Shorten and streamline tutorial readme

jeremiaswerner · jeremiaswerner · commit c77a6c01f7d4 · 2025-09-10T16:04:28.000+02:00
diff --git a/beta/serverless-fleets/README.md b/beta/serverless-fleets/README.md
@@ -1,128 +1,50 @@
-# Serverless Fleets (beta)
+# Simplify and optimize large-scale parallel computation with Serverless Fleets
 
-Serverless Fleets is an new feature of IBM Cloud Code Engine.
+As artificial intelligence continues to grow and demand for cloud-based solutions increases, the ability to run large-scale, compute-intensive workloads both quickly and efficiently has become critical.
+
+In this hands-on lab, you will deploy your first Serverless Fleet on IBM Code Engine—IBM’s strategic container platform designed to handle large-scale, compute-intensive workloads.
+
+Using both the intuitive graphical user interface and the command line, you will be guided step by step through the process. With just three clicks, you will have a Serverless Fleet up and running on IBM Cloud.
 
 **Table of Contents:**
+
+- [Key differentiators of Fleets](#key-differentiators-of-fleets)

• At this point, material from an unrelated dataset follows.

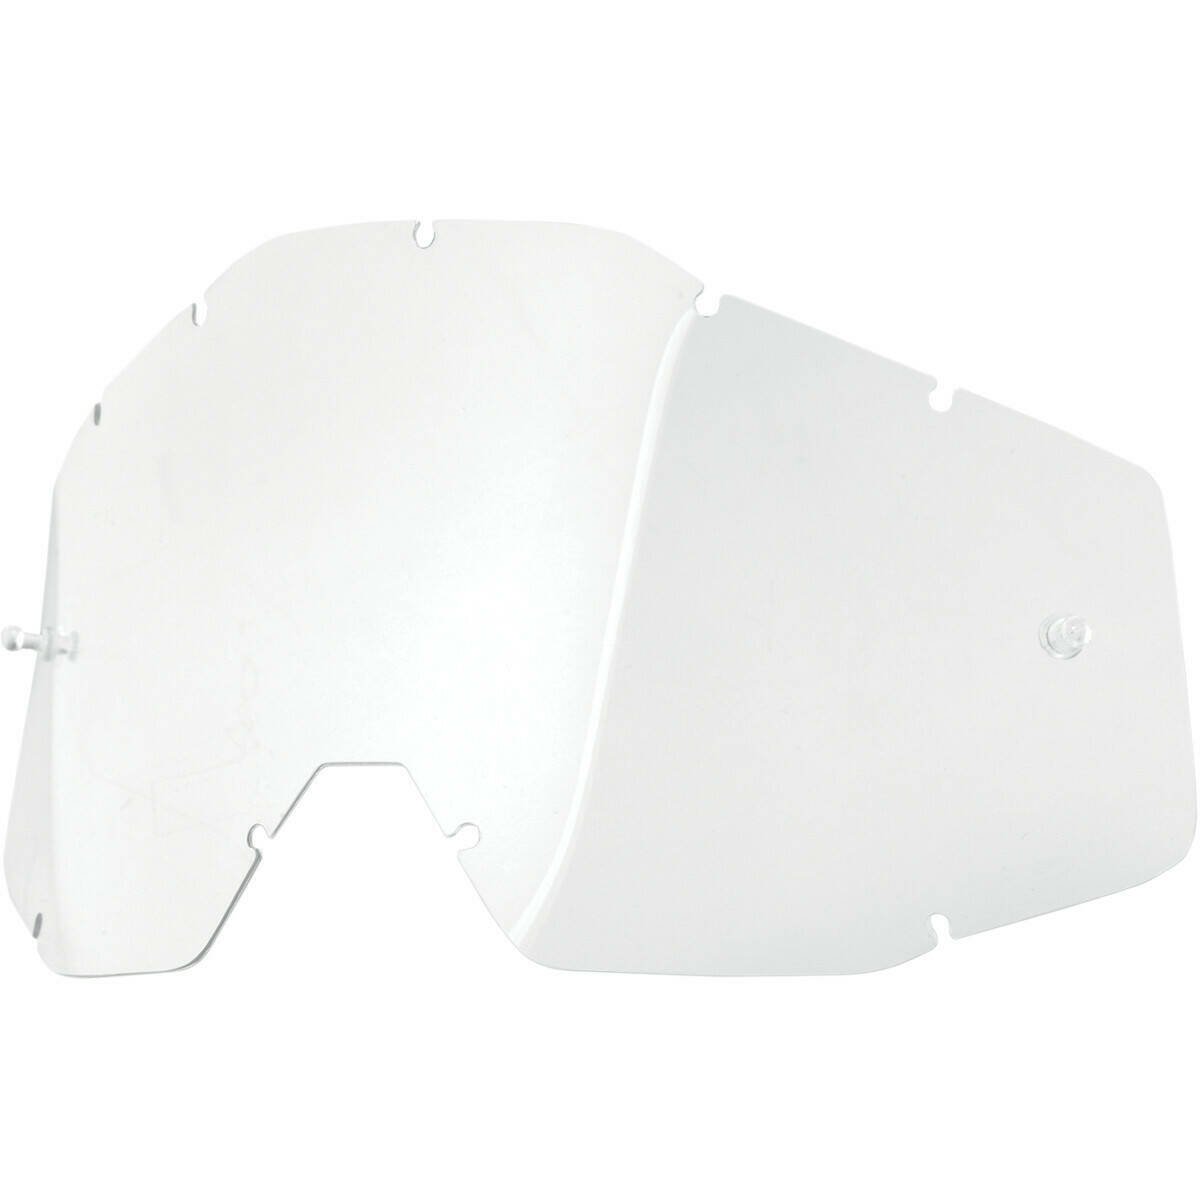 51002-005-02 RACECRAFT/ACCURI/STRATA Replacement Lens Green Mirror Anti-Fog, Free Size 100% Speedlab

 - [What is a fleets](#what-is-a-fleet)
-- [Why using a fleets](#why-using-a-fleet)
-- [The fleet concept](#the-fleet-concept)
-- [Fleet specification](#fleet-specification)
 - [Architecture](#architecture)
 - [One Time Setup](#one-time-setup)
 - [Launch a Fleet](#launch-a-fleet)
 - [Launch a Fleet with GPUs](#launch-a-fleet-with-gpus)
 - [Launch a fleet with parallel tasks](#launch-a-fleet-with-parallel-tasks)
 - [Launch a fleet to count words of novels](#launch-a-fleet-to-count-words-of-novels)
-- [Tutorials](#tutorials)
+- [Docling tutorial](./tutorials/docling/README.md)
+- [Batch Inferencing tutorial](./tutorials/inferencing/README.md)
+- [Monte Carlo Simulation tutorial](./tutorials/docling/README.md)
 - [HowTo](#howto)
 - [Troubleshooting](#troubleshooting)
 
-## What is a fleet
-
-A fleet, also serverless fleet, is a Code Engine compute component that runs one or more instances of user code in order to complete its tasks. Instances run on workers which are automatically provisioned and de-provisioned based on the number and resource requirements of the instances. Fleets can provision any machine type which connect to Virtual Private Clouds (VPCs) and securely interoperate with user data and services there.
 
-## Why using a fleet
+## Key differentiators of Fleets
 
-Fleets provide the following main key differentiators:
-1. Any machine type including GPUs
-2. Connected to the customers VPC network
-3. Large scale parallel computing without limits on vCPU, Memory and duration
-4. Dynamic task queuing to millions of tasks
+Fleets offer the following advantages:
+1.	Support for large-scale parallel computing tasks, with no limits on vCPU, memory, or task duration.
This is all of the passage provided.